MARTÍNEZ: The meeting is part of a series of gatherings led by Schumer and a bipartisan group of senators to craft AI law. NPR's congressional correspondent Claudia Grisales is here. So, Claudia, who's got an invite to this thing?
CLAUDIA GRISALES, BYLINE: So all 100 senators are invited to attend, and we're going to see more than 20 guests to invite them each individually. There will be two sessions held today, one in the morning, another in the afternoon. And a source familiar with the planning tells me each session will last about two to three hours. And now, as they each address the senators - and you mentioned a few - others will include the current and ex-CEOs of Google, plus the CEOs of Microsoft and IBM. Also, the leaders of several AI companies will be there, including OpenAI CEO Sam Altman, who's behind ChatGPT. And we'll also see labor and entertainment leaders attending as well.
MARTÍNEZ: All right.
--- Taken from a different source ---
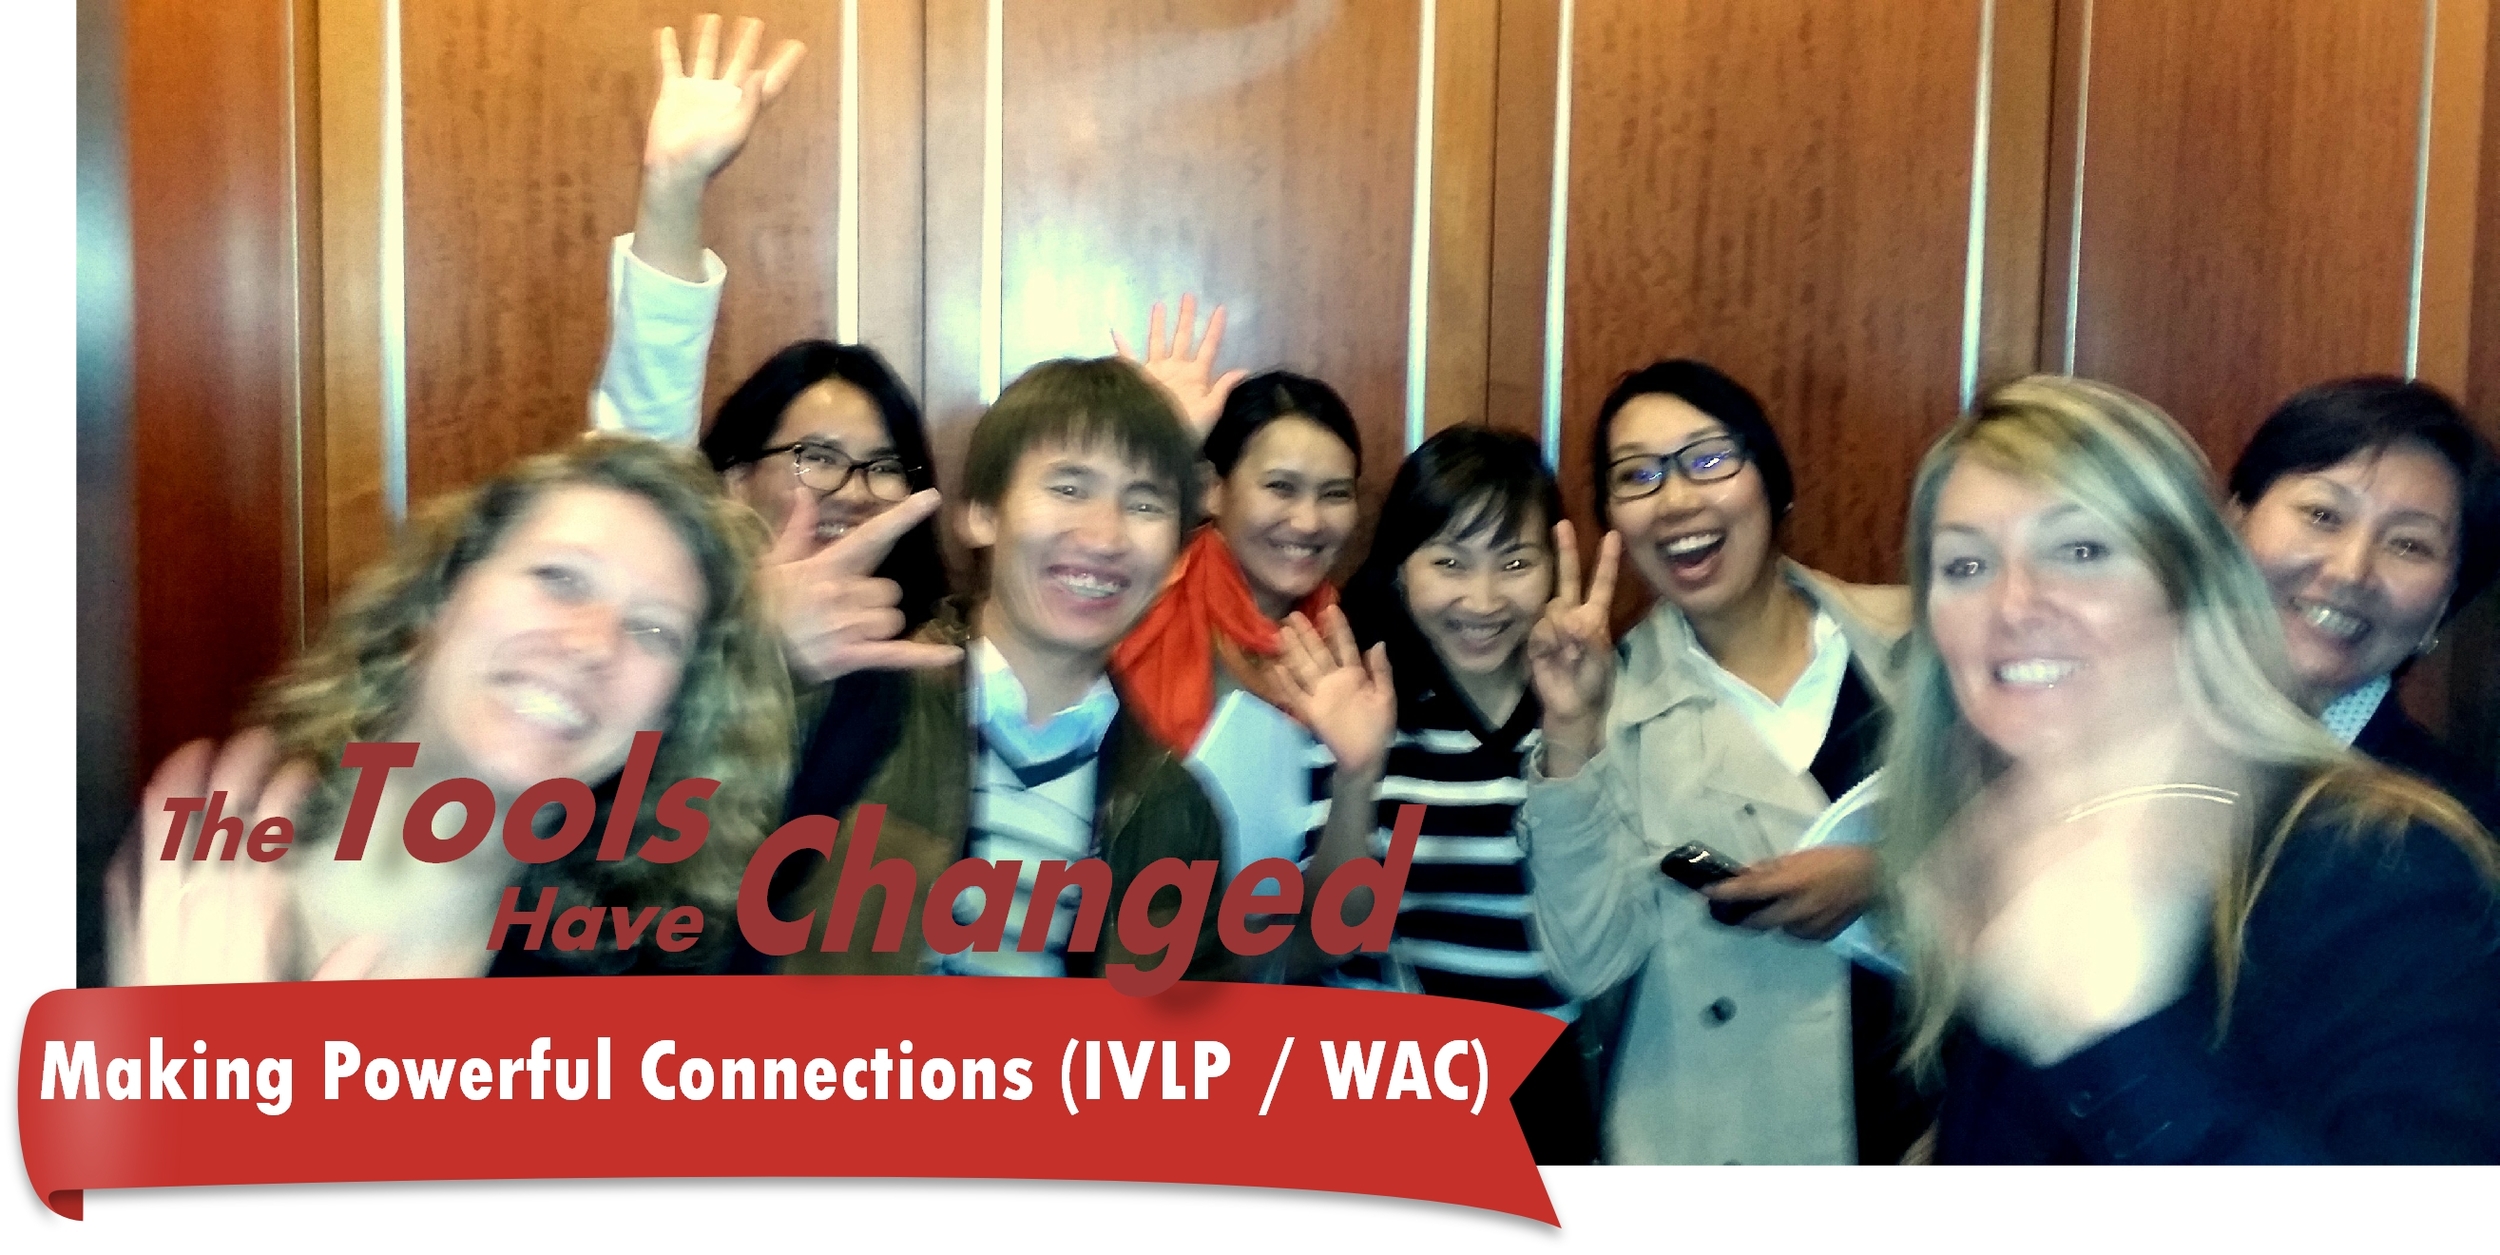 IVLP and WAC Entrepreneurs.jpg

What are they going to be talking about?
GRISALES: So I reached out to a vast majority of the guests attending today, and I heard from a few who say they'll talk about their concerns for regulating AI or the need to protect certain groups. For example, in a preview shared with NPR, IBM's CEO Arvind Krishna will push for the regulation of AI risk, but not its algorithms, so making AI creators and deployers accountable and supporting innovation. Meanwhile, the head of the AFL-CIO, Liz Shuler, said in a statement to us that workers must be central to any AI policy and can't be, quote, "guinea pigs in an AI live experiment." So we're expecting that there could be vigorous and perhaps even heated discussions because of the diversity of the individuals in that room today, including high-profile figures such as Musk and Zuckerberg.
MARTÍNEZ: Ooh, a Capitol Hill cage match. That's what I'm hearing.
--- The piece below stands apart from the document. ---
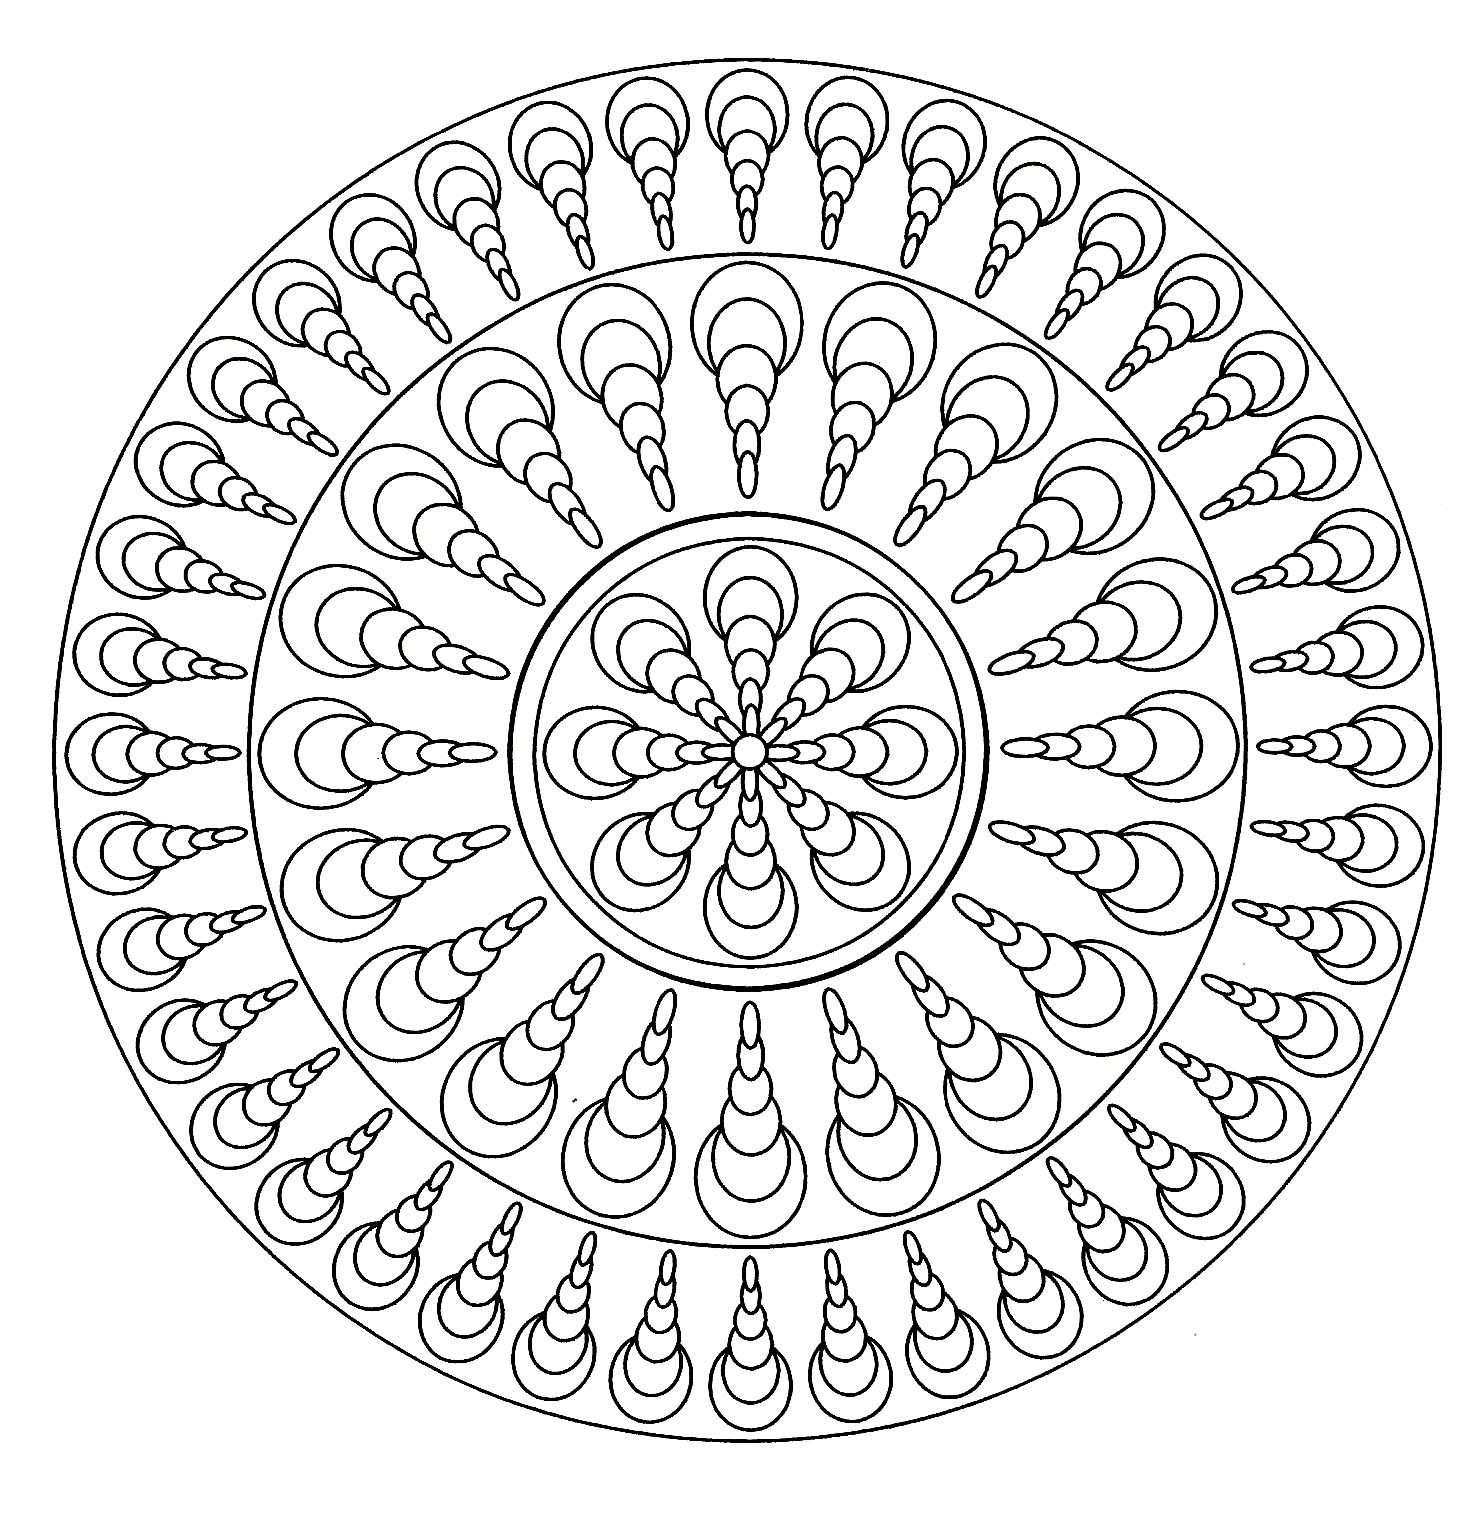 Mandala easy geometry - 4

GRISALES: (Laughter) Well, we hope not. But we can't forget that at one point, Musk and Zuckerberg were in talks for such a cage match.
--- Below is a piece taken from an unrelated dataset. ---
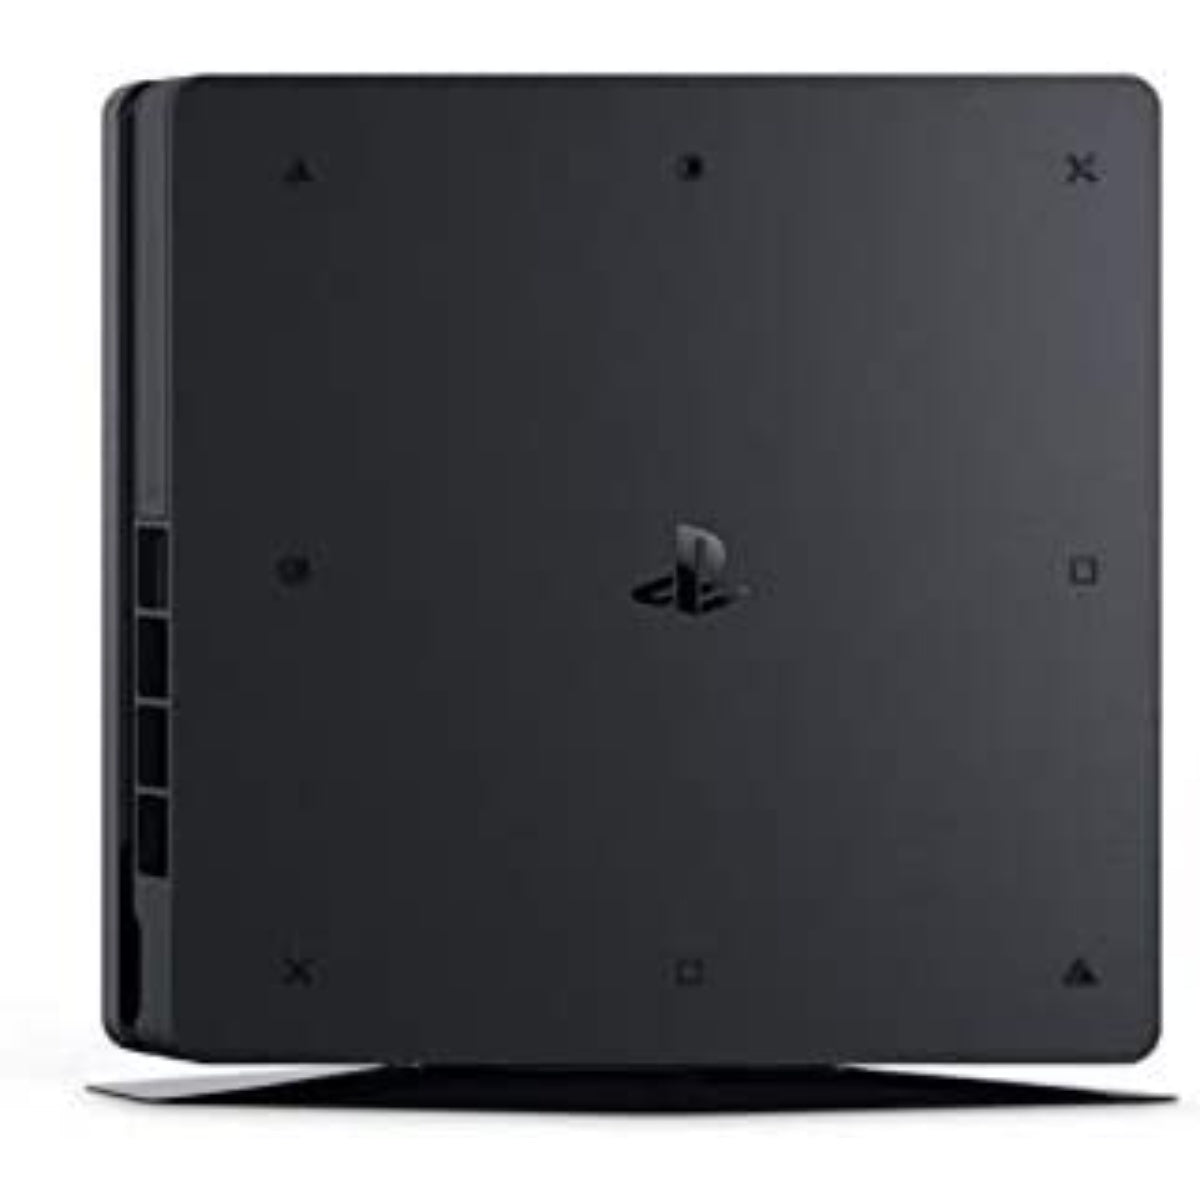 Sony PlayStation - PS4 1TB Slim Console (Black), HDR - International Version

GRISALES: And Zuckerberg called it off after claiming that Musk wasn't setting a date. That said, I reached out to both, and I haven't heard back if that discussion could pick back up today.
MARTÍNEZ: Maybe the Colosseum in Rome is just booked or something.
GRISALES: (Laughter) Right.
MARTÍNEZ: Now, OK, so how do these meetings then today play into the larger effort by Congress to regulate artificial intelligence? Does this get them any closer?
GRISALES: Well, these forums are a broader discussion. They entail more forward-looking talks on possible legislative paths ahead. But Congress historically has failed to regulate emerging tech. Look at social media today, for example. And it's trying to play catch-up now once again with AI. And there's a real lack of expertise in both law and computer science on the Hill for both members and staff. Then add a bitterly divided Congress, and that does not bode well for the future of regulating AI.
MARTÍNEZ: Yeah, tech always seems to move really fast. That's NPR's congressional correspondent Claudia Grisales. Thanks a lot.